[딥러닝] 수어 동작 인식 모델 만들기 (CNN-LSTM) (1/4)

지현·2022년 4월 22일
0

같은 팀원(미서님)이 정리해준 자료에 따르면 참고하던 레퍼런스에는 GoogleNet 1개, VGG16 1개, Inception V3 2개였다. 이 팀원이 Inception v3을 사용하겠다고 하였고, 또 다른 논문을 참고하여 나는 VGG16 모델을 사용해보기로 했다.

이번에 참고하여 진행할 깃허브는 Video-Classification-CNN-and-LSTM이다.


train_CNN_RNN.py

from keras.models import Sequential
from keras.layers import Dropout, Flatten, Dense
from keras import applications
from keras.optimizers import SGD
from sklearn.utils import shuffle
from keras.preprocessing.image import ImageDataGenerator
from keras.callbacks import EarlyStopping, ModelCheckpoint
from keras.applications.vgg16 import VGG16
from keras.layers import LSTM
import numpy as np
import glob,os
from scipy.misc import imread,imresize

-> 필요한 라이브러리 import


batch_size = 128


# 구글 드라이브 마운트
from google.colab import drive
drive.mount('/content/drive')


train_dir='/content/drive/MyDrive/video_data/dataset_expt/dataset_expt(ver1.0)/3frame/traindata'
valid_dir='/content/drive/MyDrive/video_data/dataset_expt/dataset_expt(ver1.0)/3frame/validationdata'
print(train_dir)
print(valid_dir)

def bring_data_from_directory():
  datagen = ImageDataGenerator(rescale=1. / 255)
  train_generator = datagen.flow_from_directory(
          train_dir,
          target_size=(224, 224),
          batch_size=batch_size,
          class_mode='categorical',  # this means our generator will only yield batches of data, no labels
          shuffle=True,
          classes=['class_1','class_2','class_3'])

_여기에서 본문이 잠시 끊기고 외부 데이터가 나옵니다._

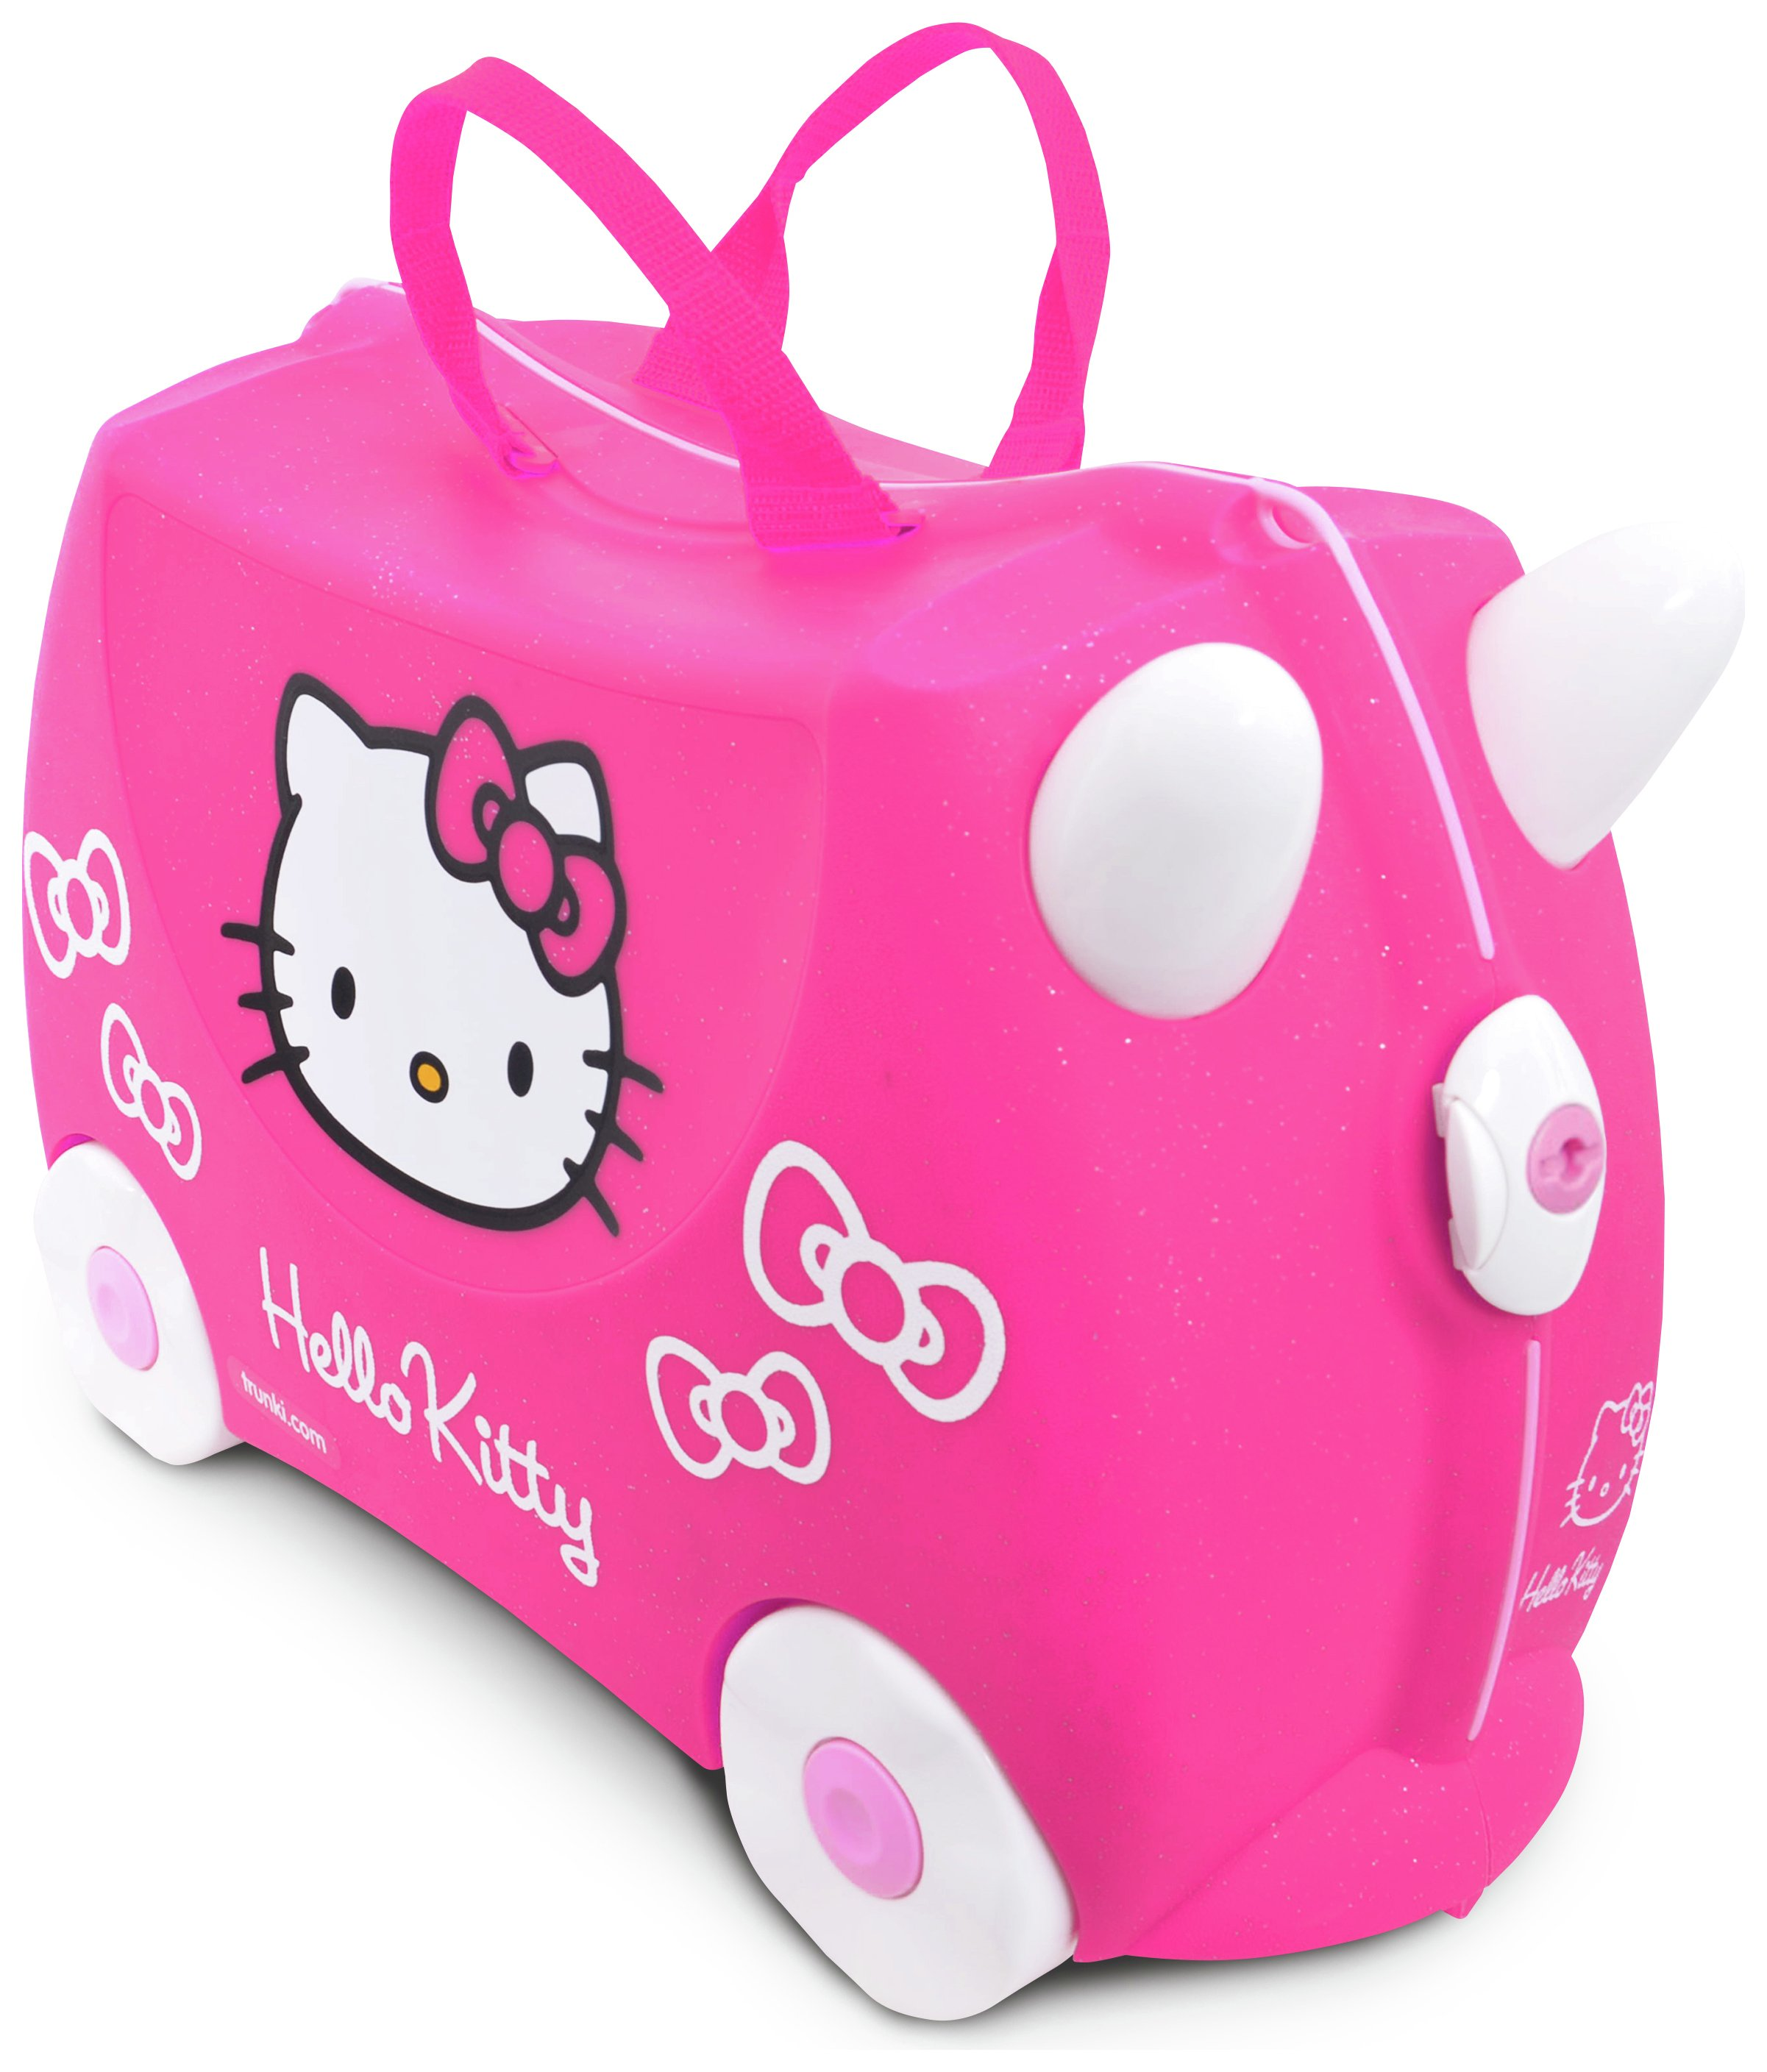 Buy Trunki Hello Kitty Ride-On Suitcase - Pink at Argos.co.uk ...

  validation_generator = datagen.flow_from_directory(
          valid_dir,
          target_size=(224, 224),
          batch_size=batch_size,
          class_mode='categorical',  # this means our generator will only yield batches of data, no labels
          shuffle=True,
          classes=['class_1','class_2','class_3'])
  return train_generator,validation_generator

-> 데이터를 가져오는 코드인 것 같다.
directory 경로와 classes를 수정했다.


def load_VGG16_model():
  base_model = VGG16(weights='imagenet', include_top=False, input_shape=(224,224,3))
  print("Model loaded..!")
  print(base_model.summary())
  return base_model

-> VGG16 model을 load하는 코드


def extract_features_and_store(train_generator,validation_generator,base_model):
  train_data = np.load(open('video_x_VGG16.npy'))
  train_labels = np.load(open('video_y_VGG16.npy'))
  train_data,train_labels = shuffle(train_data,train_labels)
  validation_data = np.load(open('video_x_validate_VGG16.npy'))
  validation_labels = np.load(open('video_y_validate_VGG16.npy'))
  validation_data,validation_labels = shuffle(validation_data,validation_labels)

  train_data = train_data.reshape(train_data.shape[0],
                     train_data.shape[1] * train_data.shape[2],
                     train_data.shape[3])
  validation_data = validation_data.reshape(validation_data.shape[0],
                     validation_data.shape[1] * validation_data.shape[2],
                     validation_data.shape[3])
  
  return train_data,train_labels,validation_data,validation_labels

->train_data와 validation_data, train_labels와 validation_labels를 수정해야 할 것 같은데 수정을 하는 게 맞는 걸까?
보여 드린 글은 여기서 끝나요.